Individual residues contribute to multiple differences in ligand recognition between vesicular monoamine transporters 1 and 2.

Molecular cloning has identified two vesicular monoamine transporters (VMATs), one expressed in non-neural cells of the periphery (VMAT1) and the other by multiple monoamine cell populations in the brain (VMAT2). Functional analysis has previously shown that VMAT2 has a higher affinity than VMAT1 for monoamine neurotransmitters as well as the inhibitor tetrabenazine. The analysis of chimeric transporters has also identified two major regions required for the high affinity interactions of VMAT2 with these ligands. We have now used site-directed mutagenesis to identify the individual residues responsible for these differences.
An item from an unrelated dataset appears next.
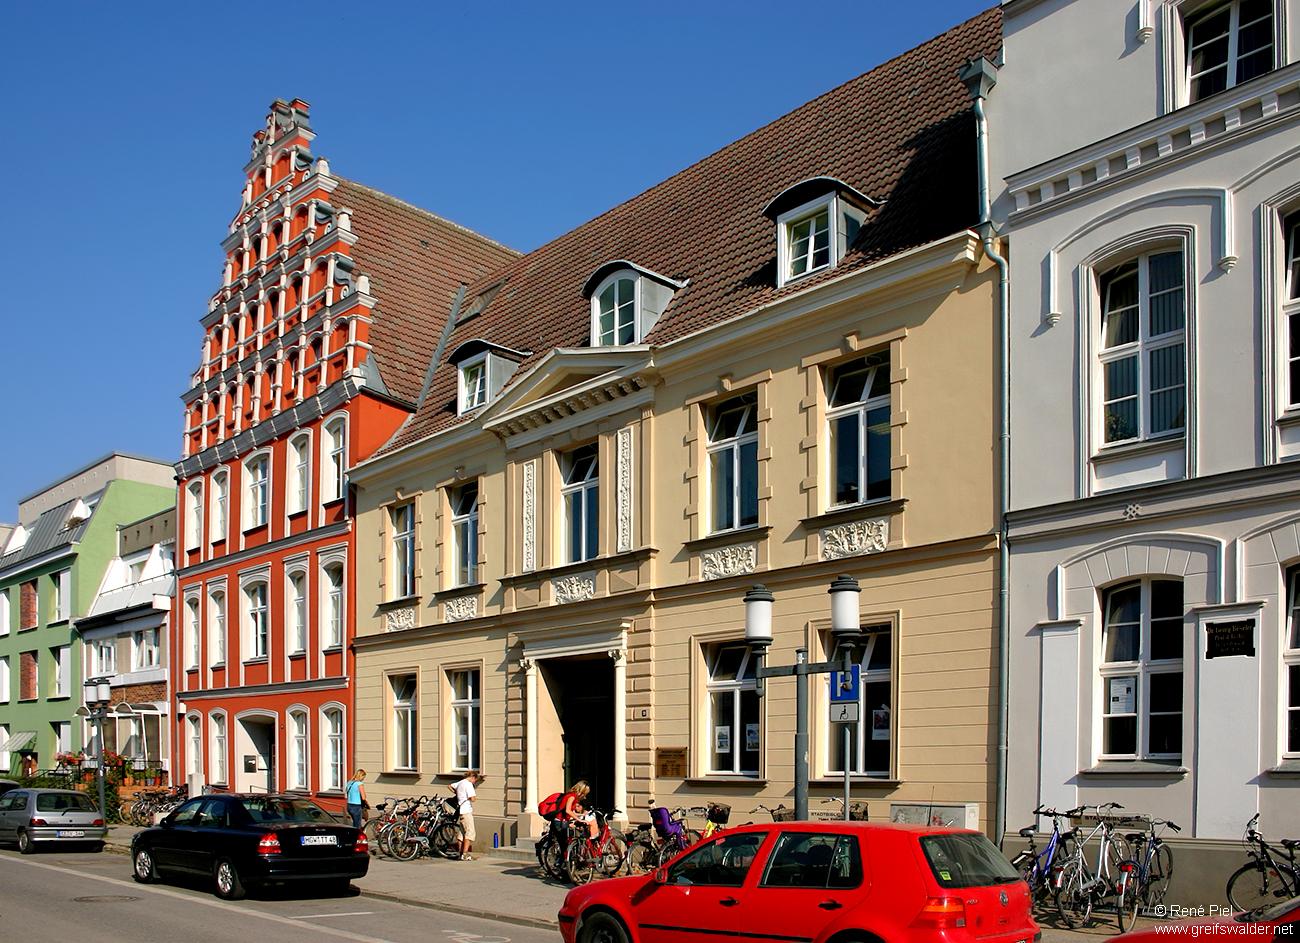 Stadtbibliothek Hans Fallada in Greifswald

Focusing on the region that spans transmembrane domains 9 through 12, we have replaced VMAT2 residues with the corresponding residues from VMAT1. Many residues in this region had no effect on the recognition of these ligands, but substitution of Tyr-434 with Phe and Asp-461 with Asn reduced the affinity for tetrabenazine, histamine, and serotonin. Although the ability to affect recognition of multiple ligands suggests a general structural role for these residues, the mutations did not affect dopamine recognition, indicating a more specific role, possibly in recognition of the ring nitrogen that occurs in tetrabenazine, histamine, and serotonin but not dopamine. The mutation K446Q reduced the affinity of VMAT2 for tetrabenazine and serotonin but not histamine, whereas F464Y reduced serotonin affinity and perhaps histamine recognition but not tetrabenazine sensitivity, providing more evidence for specificity. Interestingly, the Vmax of both VMATs for dopamine exceeded that for serotonin by 3-5-fold, indicating a difference in the speed of packaging of these two neurotransmitters. We also found that VMAT1 has a higher affinity for tryptamine than VMAT2. This mutually exclusive interaction with serotonin and tryptamine also suggests a physiological rationale for the existence of two VMATs. Surprisingly, the residue responsible for this difference, Tyr-434, also accounts for the higher affinity interaction of VMAT2 with tetrabenazine, histamine, and serotonin. Interestingly, replacement of Tyr-434 with alanine increases the affinity of VMAT2 for both serotonin and dopamine and reduces the rate of dopamine transport.